Cher Benjamin Stora,
En 2017, le président français Emmanuel Macron a reconnu que la colonisation de l’Algérie était un crime contre l’humanité. Comme tant d’autres, j’attendais avec impatience la lecture de votre rapport récemment publié sur le sujet, rédigé à la demande du président. Cependant, après l’avoir lu, je suis consternée par l’absence d’examen des crimes contre l’humanité, crimes qui ciblent la diversité humaine et celle des modes de vie. Je ne comprends pas ces omissions. Bien que dans le cadre de la colonisation de l’Algérie celles-ci soient nombreuses, je me concentrerai sur l’une d’entre elles : la destruction des cultures juives au Maghreb.
Comme vous, j’ai un intérêt personnel pour ces questions. Je suis née en 1962, l’année où ma famille, la vôtre, et 140 000 autres Juifs ont été contraints de quitter l’Algérie, conséquence directe de sa longue colonisation. Comme vous l’aviez écrit dans votre livre, Les trois exils – juifs d’Algérie, en 2006, deux autres exils ont précédé celui-ci. Le premier a eu lieu en 1870, lorsque le décret Crémieux a séparé les Juifs du reste de la population algérienne et les a transformés en citoyens français dans leur propre pays ; le deuxième, en 1940, lorsque le gouvernement de Vichy a révoqué ce décret et la citoyenneté française qui l’accompagnait. Votre livre m’a été très utile, il y a plus de dix ans, lorsque j’ai commencé à questionner l’identité fabriquée qui m’avait été attribuée à la naissance — « israélienne ». Plus j’étudiais les structures mises en place pour me dissocier de mes ancêtres Juifs algériens, moins je me reconnaissais dans cette identité assignée. Je l’ai rejetée de deux manières : d’abord comme une forme d’appartenance, puis comme un modèle d’histoire impérialiste —destiné à marquer un nouveau départ (en 1948) et une rupture entre ce qui est censé être transformé en « passé » et ce qui est autorisé à devenir l’avenir. La création de l’État d’Israël a affirmé comme inexistantes (dans le cas de la Palestine), ou inappropriées (dans celui des Juifs algériens, Juifs irakiens, etc.) des affiliations et des formations antérieures. Elle a dévalorisé la particularité de divers groupes de Juifs, les remodelant et les organisant en un groupe indifférencié. Ce mouvement a véritablement poursuivi le projet napoléonien de régulation de la vie juive, faisant du « peuple juif » un sujet historico-national qui ne peut être pleinement réalisé que par un État souverain propre.
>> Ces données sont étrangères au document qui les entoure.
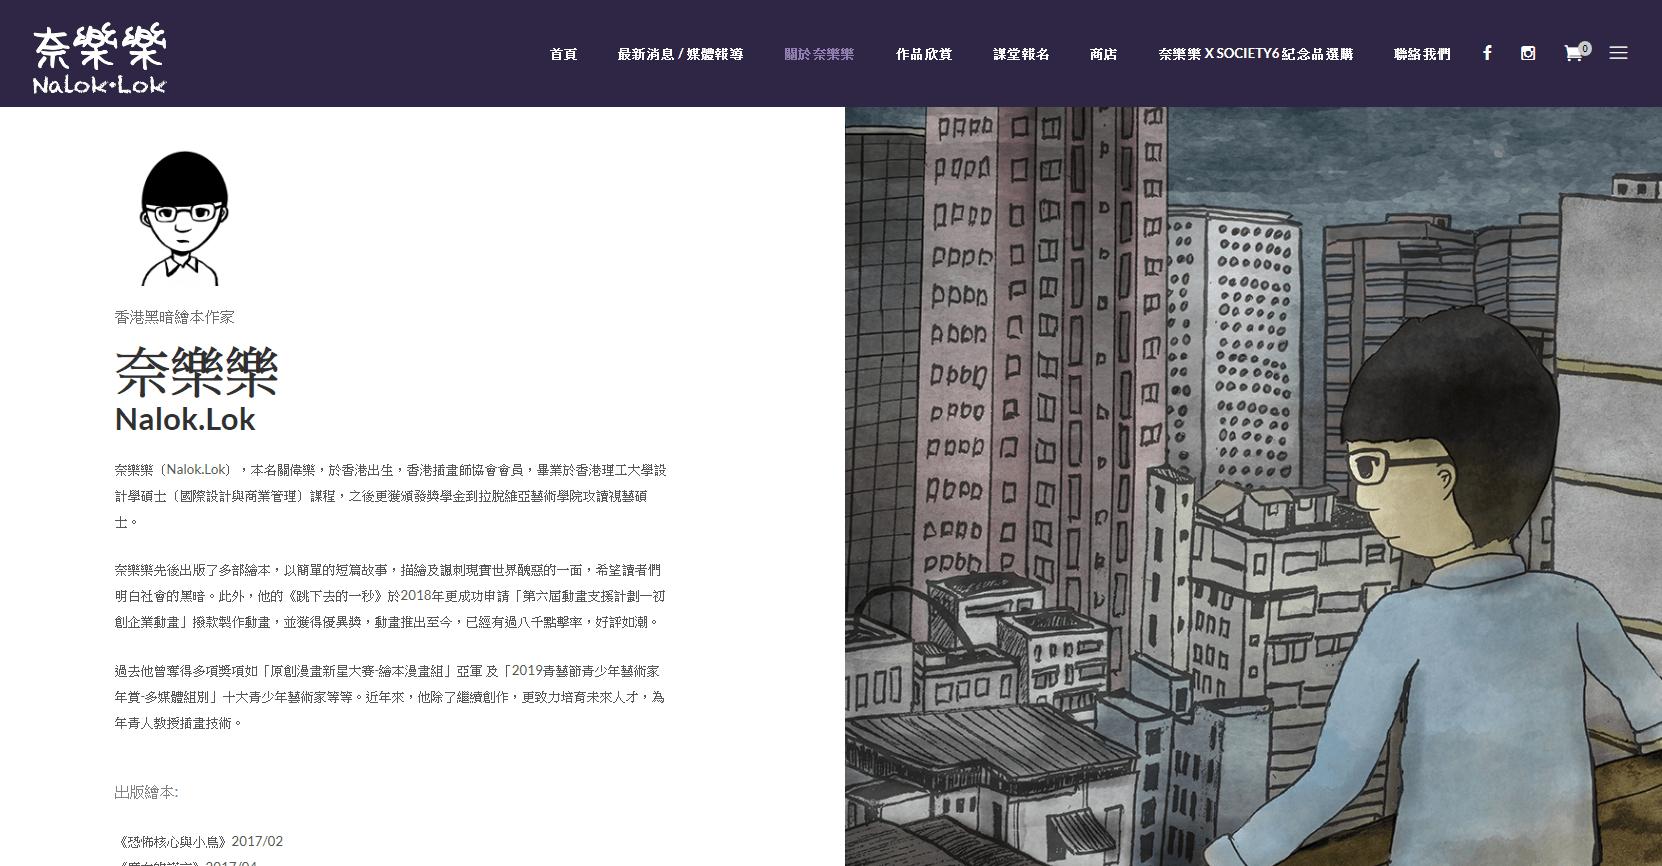 https://i0.wp.com/www.lokrazyplus.com/wp-content/uploads/2020/05/Screenshot_2020-05-21-奈樂樂官方網站-Nalok-Lok-World1.png?fit=1662%2C866&ssl=1

Lorsque j’ai commencé à rassembler des histoires et des souvenirs de ce que nous étions, nous Juifs algériens, il n’y a pas encore si longtemps, j’ai remarqué une similitude frappante entre l’identité coloniale qui m’a été attribuée et celle qui l’a été à mes ancêtres algériens en 1870. Mon père a quitté l’Algérie pour Israël en 1949, et le reste de ma famille a dû partir en 1962 pour la France, laissant derrière plus de deux millénaires de vie juive arabe au Maghreb. Nous pouvons dire que nous sommes d’origine algérienne, mais le colonialisme a détruit le monde commun dans lequel cette identité s’était matérialisée. Ceci est un crime contre les Juifs mais c’est aussi un crime contre l’humanité car quand un monde est détruit, c’est sa diversité même qui est menacée. Heureusement, même lorsque les Juifs Arabes ont déjà oublié, ceux à qui ils ont été arrachés ne se permettent pas d’oublier, ainsi l’adresse de Houria Bouteldja aux Juifs : « vous ne pouvez pas ignorer le fait que la France vous a fait français pour vous arracher à nous, à votre terre, à votre arabo-berbérité. Si j’osais, je dirais à votre islamité. Comme nous-mêmes avons été dépossédés de vous. Si j’osais, je dirais de notre judéité » Lorsque mes ancêtres en Algérie ont été faits citoyens français, ils n’ont pas cessé d’être colonisés ; leur accorder la citoyenneté coloniale était une autre forme de colonisation française, et non sa fin. En effet, c’est un processus de déracinement qui a été initié : les Juifs ont été séparés du peuple parmi lequel ils vivaient et avec lequel ils partageaient une langue, des cosmologies, des croyances, des expériences, des traditions, des paysages, des histoires et des souvenirs. Certains Juifs algériens ont accueilli favorablement la citoyenneté française mais, en 1865, la plupart avaient refusé d’en faire la demande. Les trois exils que vous décrivez dans votre livre sont des exemples du lourd tribut payé par les Juifs pour la citoyenneté de leurs colonisateurs. transformation en citoyens Français dans leur propre pays, a également eu un impact sur leurs descendants. Le fait que certains aient choisi de se conformer à ce nouveau statut – et qu’ils aient ensuite trouvé des moyens de tirer profit de leur citoyenneté – n’en fait pas moins une technologie coloniale qui contraint les individus à devenir autres à eux-mêmes.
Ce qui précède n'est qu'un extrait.